Ignoring the Issue Behind the Issues – Ryan Rhoades

CCDHS Classroom, Miles City

Image by dave_mcmt via Flickr

As I watched Making the Grade, the MSNBC’s special segment on the state of the nation’s education system, I couldn’t help but notice how the real issue was largely ignored.

The moderator, Tamron Hall, hinted at the real issue a few times, particularly when she asked Department of Education Secretary Arne Duncan about the gap between the amount of money we as taxpayers spend per student versus the amount of money we spend per prisoner (we spend more than double for imprisoning than educating).  Duncan’s response ultimately went back to accountability and graduation – holding teachers more accountable for their results and getting more students, particularly minority students, to graduate.

As a certified teacher, I completely agree with the sentiment that schools must hold their teachers accountable in order to ensure success.  This is no revelation.  All workers must be held accountable in order to ensure a successful outcome.

Imagine if all our politicians were held accountable, not by citizens’ vote alone but by an objective rubric that measures whether or not their policies improves the standard of living of most Americans, most notably the poor and middle class.  Teachers hold students accountable through rubric-based assessments and in many public schools teachers are also held accountable through rubric-based evaluations.

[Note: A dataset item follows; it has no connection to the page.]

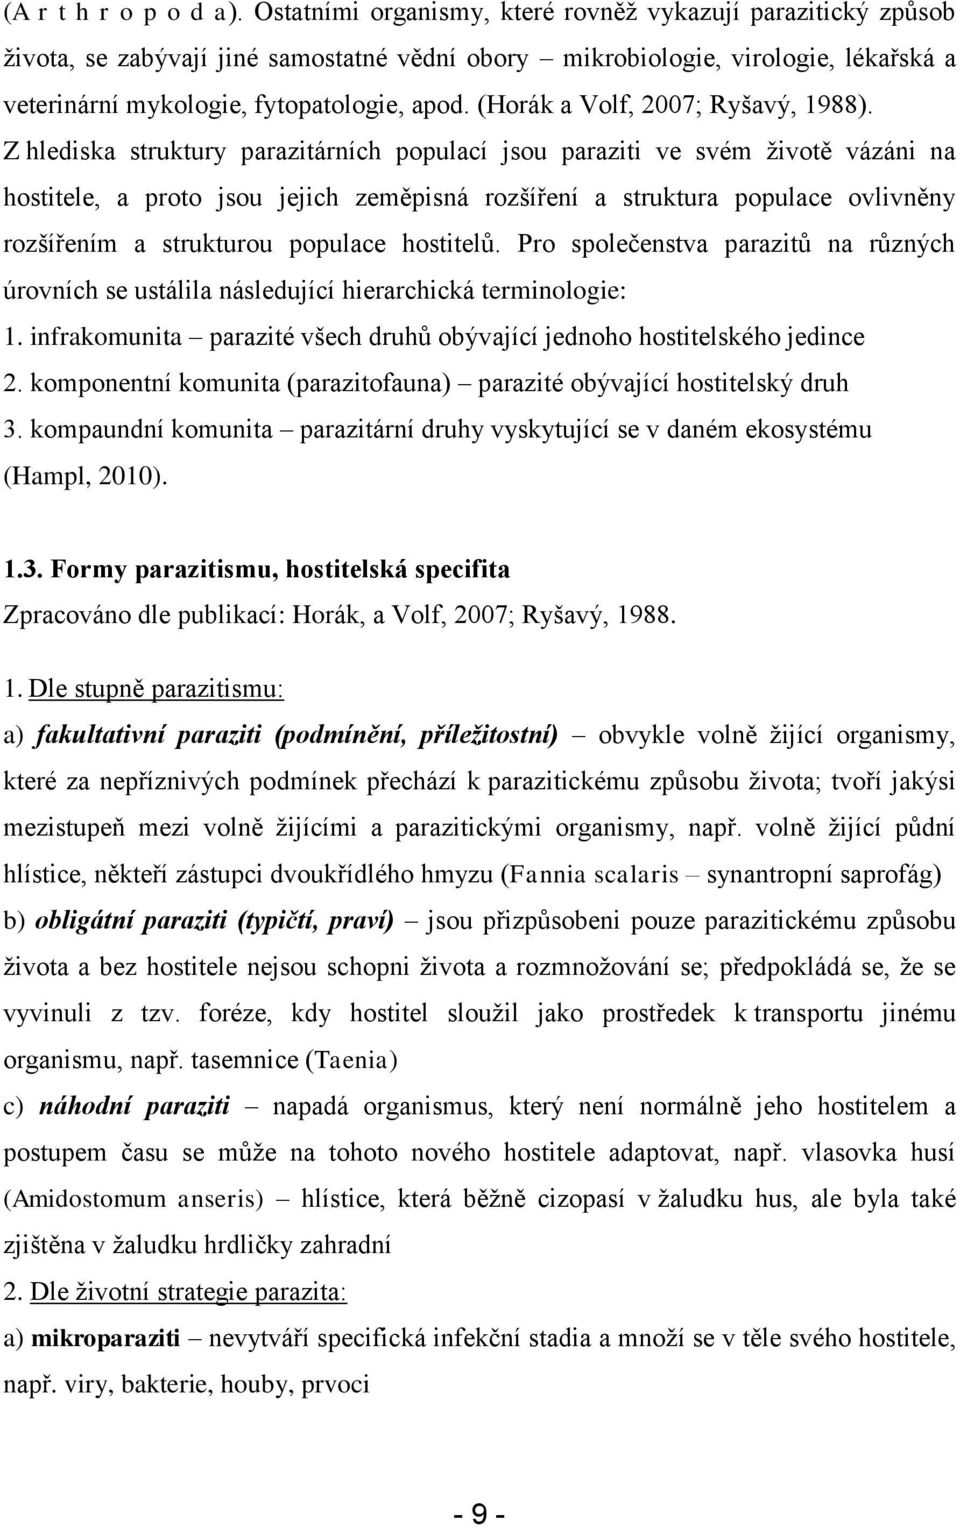 (Horák a Volf, 2007; Ryšavý, 1988).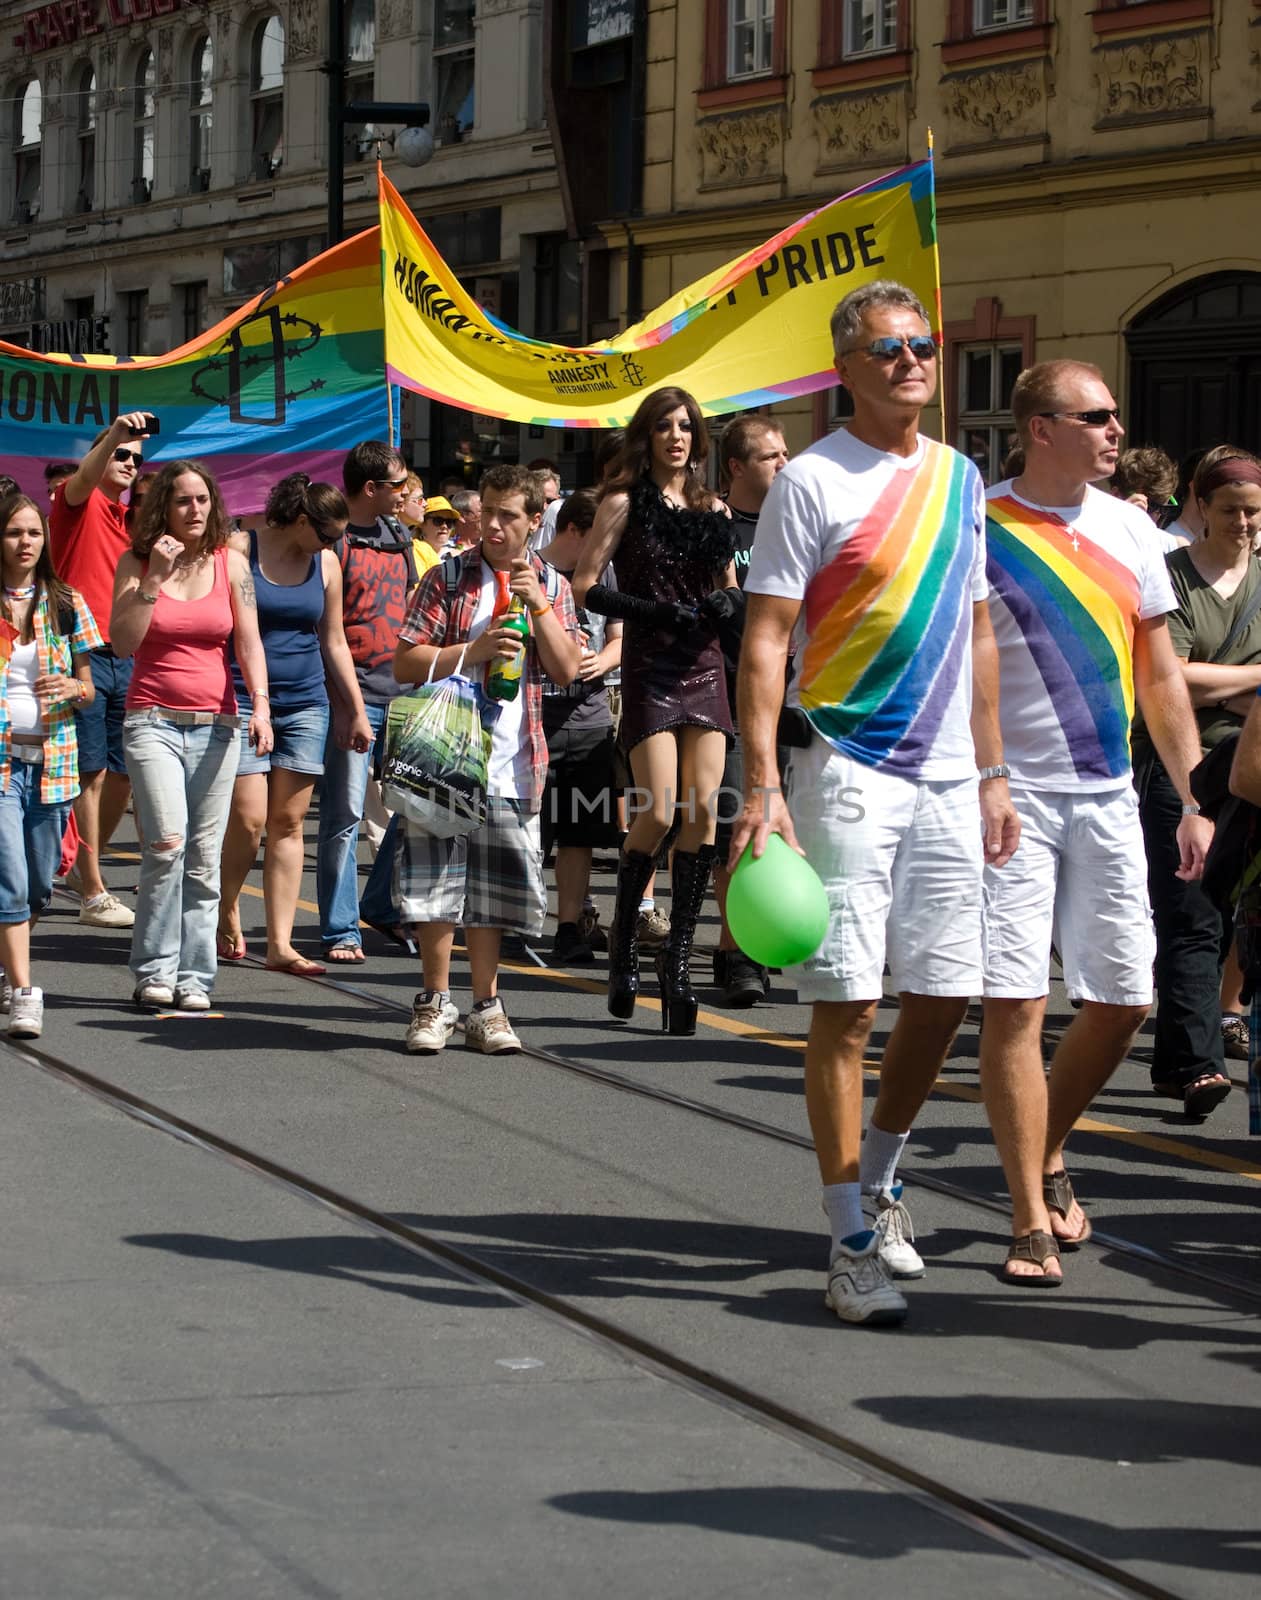 Prague pride parade by sarkao

Focusing on accountability alone is the red herring in this argument.  It fails to address how federal policies, such as general funding, high stakes testing, ratio of students per teacher, and the standards that teachers must follow to prepare students for standardized testing.

One of the guests on MSNBC’s special talked about the importance of teachers giving enough attention to their students and developing rapport.  Obviously we as educators want to make students feel at home and want to develop positive relationships with all our students.  However, if a teacher has thirty or more students in each classroom and teaches four or five classes a day, it is difficult if not impossible to cater to all these individual needs, especially if many of these students do not receive basic needs at home.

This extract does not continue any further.